As we move into a 2009 full of staggering urban challenges - economic, environmental, social, and leadership challenges - do our planning departments have the passion, creativity and leadership to be what our cities need them to be?
Those who've read my blog from the beginning, may remember my first post, on the state of North American planning departments and planning schools. Earlier this month, when I had the honour of speaking to the year's largest "captive audience" in Canadian planning as the feature speaker at the Annual Toronto Planning Dinner, I chose a similar topic, a respectful but candid "call for change" in Canadian planning departments.
Would you say your local planning department exhibits passion and creativity in its work? As Jaime Lerner, city-planner/architect and now-legendary former Mayor of Curitiba Brazil, puts it, does your civil service exhibit energy, or excuse? Is it a persuasive champion for progressive and sustainable city-building? Or do you think these words should be associated only with political leaders, not civil servants? I hope some good dialogue results from this - we need it.
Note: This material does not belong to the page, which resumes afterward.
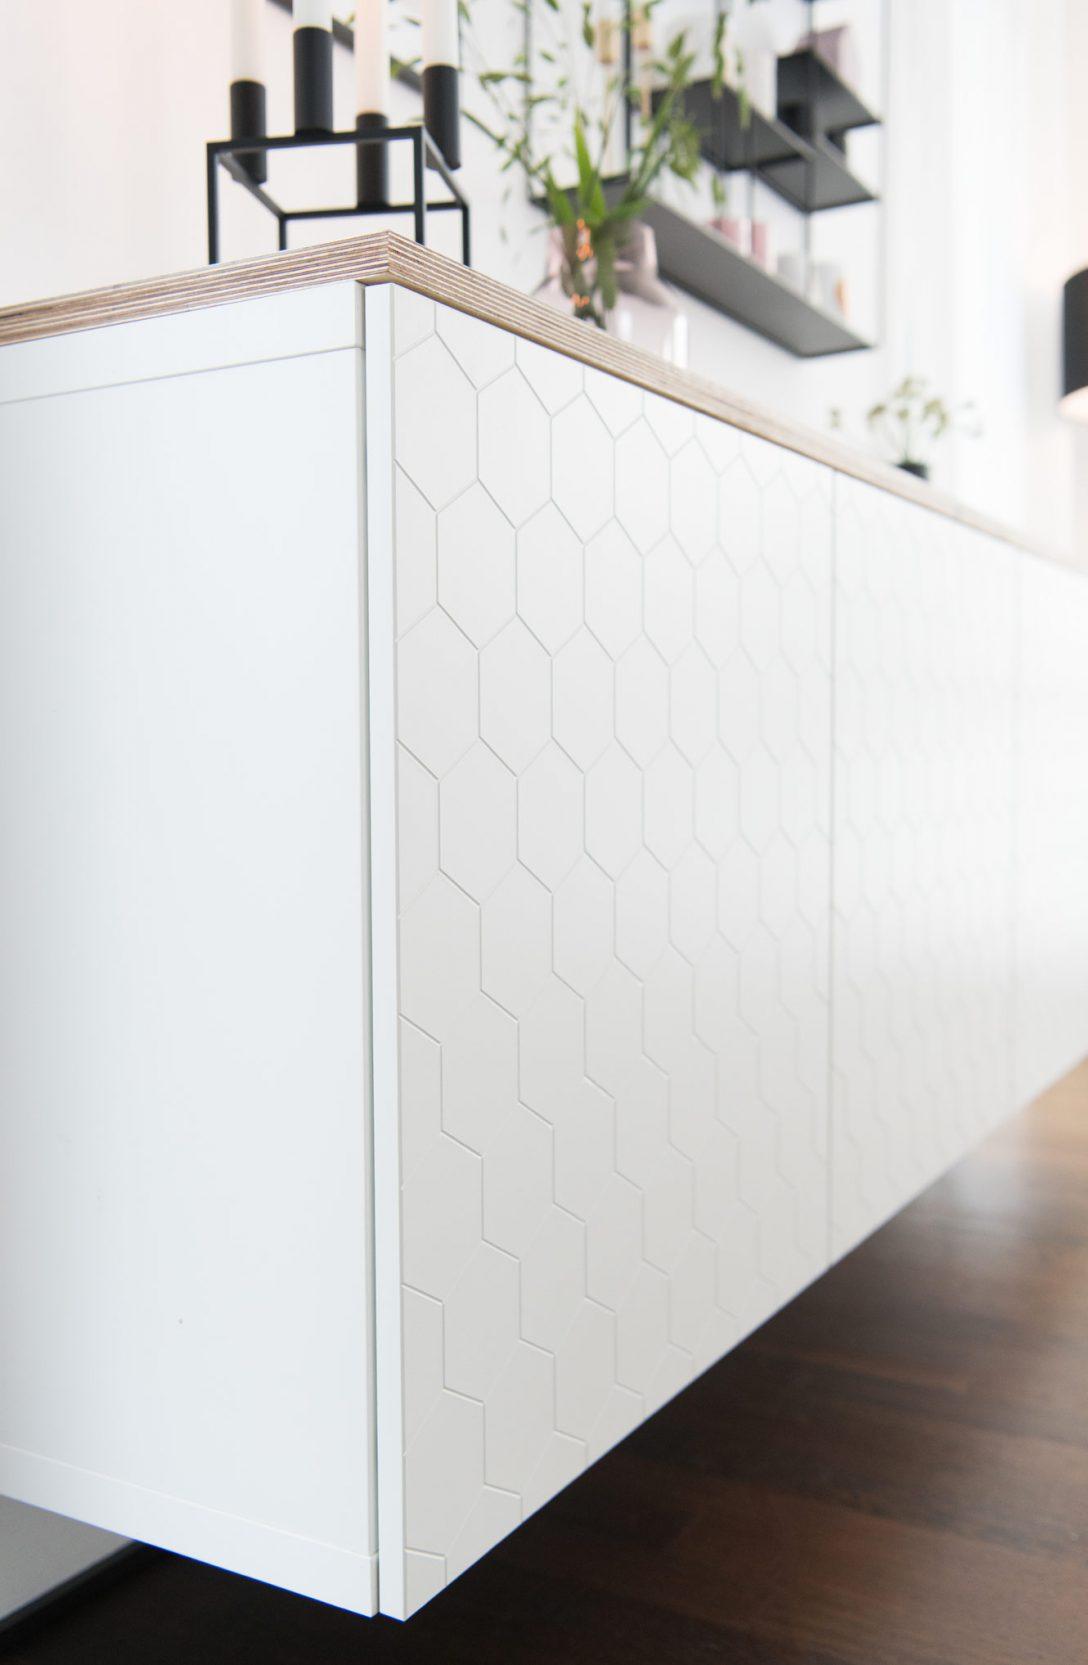 Large Size of Ikea Sideboard Küche Kosten Betten 160x200 Sofa Mit Schlaffunktion Miniküche Wohnzimmer Bei Arbeitsplatte Modulküche Kaufen Wohnzimmer Ikea Sideboard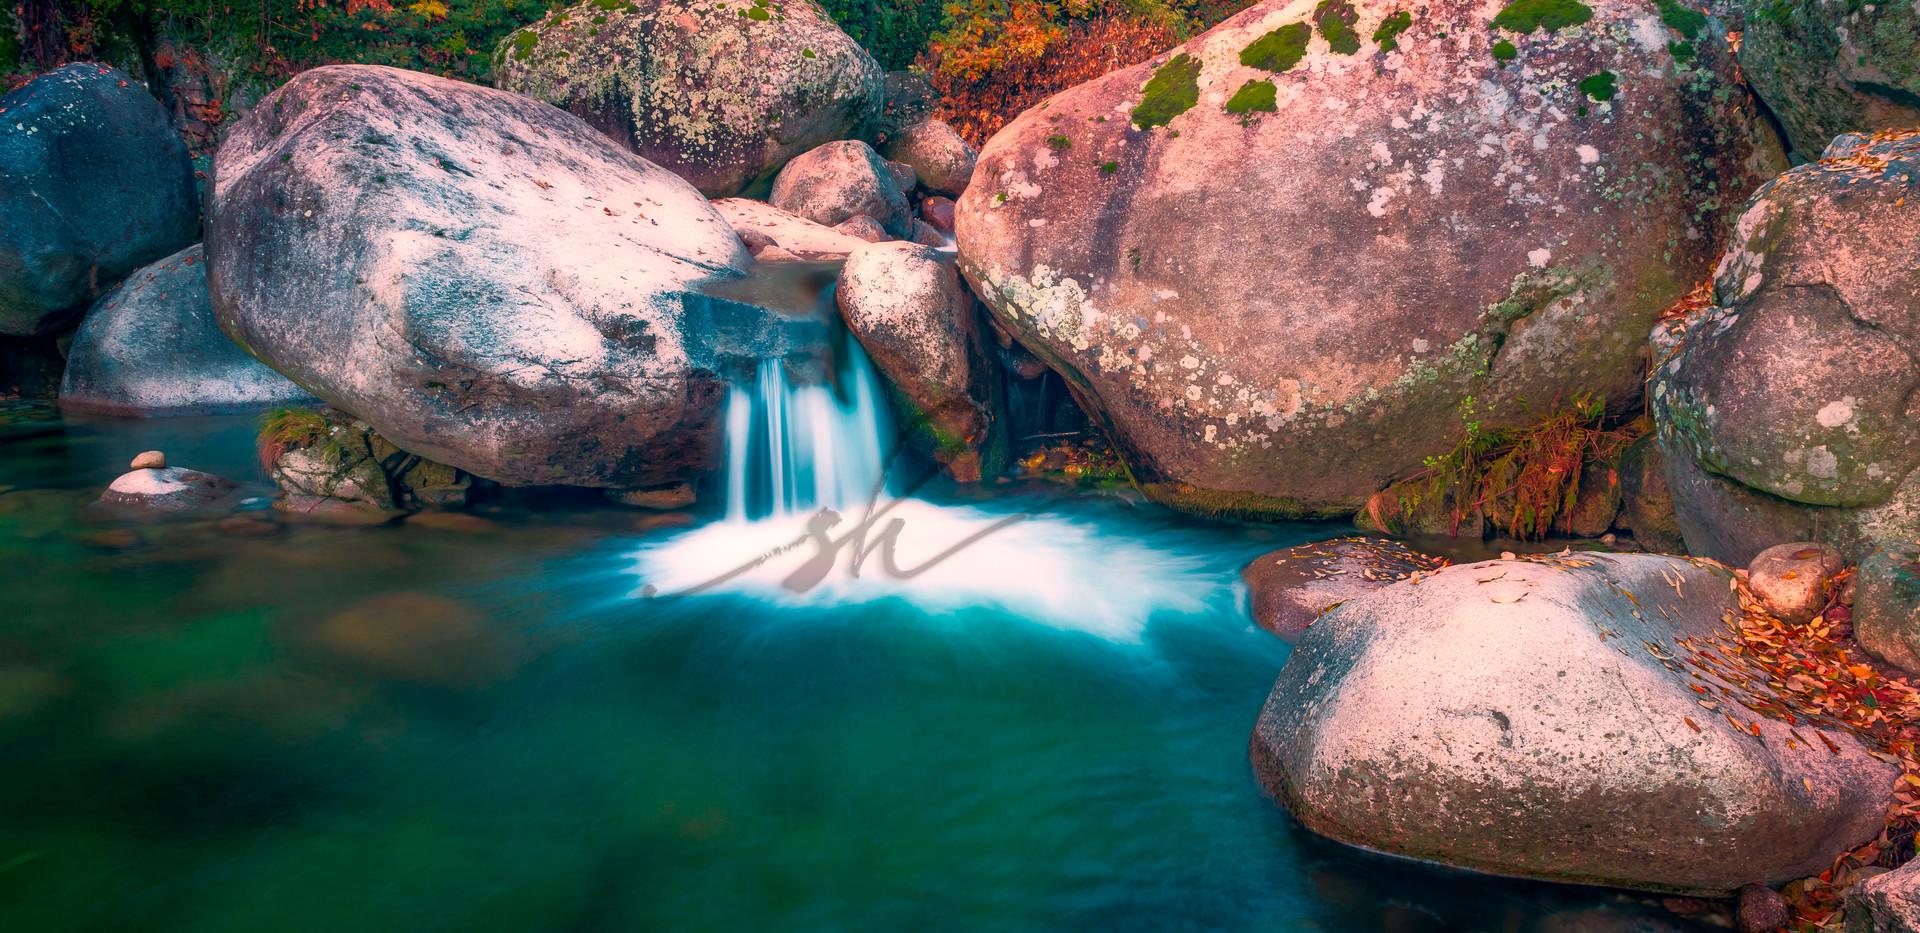 Cascada-del-guijo.jpg

Perhaps in the New Year I'll find some time to turn my speech into a longer post. In the meantime though, here's a resulting article from Novae Res Urbis, a great Toronto-based planning "e-magazine":
NovæResUrbis - GTA edition
WEDNESDAY • DECEMBER 3 • 2008
TIME FOR CHANGE
Passionate planning needed
Borrowing rhetoric from American president-elect Barack Obama, City of Vancouver planning director Brent Toderian said the planning profession needs change. "We need to be much more persuasive, much more creative, more dogged and passionate than frankly our profession has been," Toderian told the crowd of 830-planning professionals gathered at the Royal York Hotel for the 18th annual University of Waterloo planning alumni of Toronto dinner, Monday night. "I believe planning departments across the country need to be thought-leaders, partners of politicians we tend to be too passive as a profession and not nearly passionate enough about what real progressive city building is and needs to be."
A graduate of the Waterloo planning program, Toderian was the first person in the annual event's history to attend the dinner as a student, as an alumnus and then return as a speaker. He has been called an "urban firecracker" by the Globe and Mail and is a passionate advocate for creative city building, working in Ontario, Calgary and now Vancouver.
Toderian admitted that he could have talked about specific projects from his planning department or planning for the 2010 Olympic Games, but instead he decided to bend the ear of his target audience and inspire change.
He said there is a new generation of planners-a creative wave-knocking on the door. "Planning departments are not regulators, we're not rule defenders, we're not merely passive followers of politicians or community and we're not poll-takers," he said. "We are professional and persuasive voices in progressive, sustainable city building, creative and engaged listeners and leaders. We need different planning departments across the country with a much stronger sense of urbanist leadership, more of a design background and much better at strategic thinking."In a challenging tone, Toderian asked: are planning departments prepared for the next generation of leadership?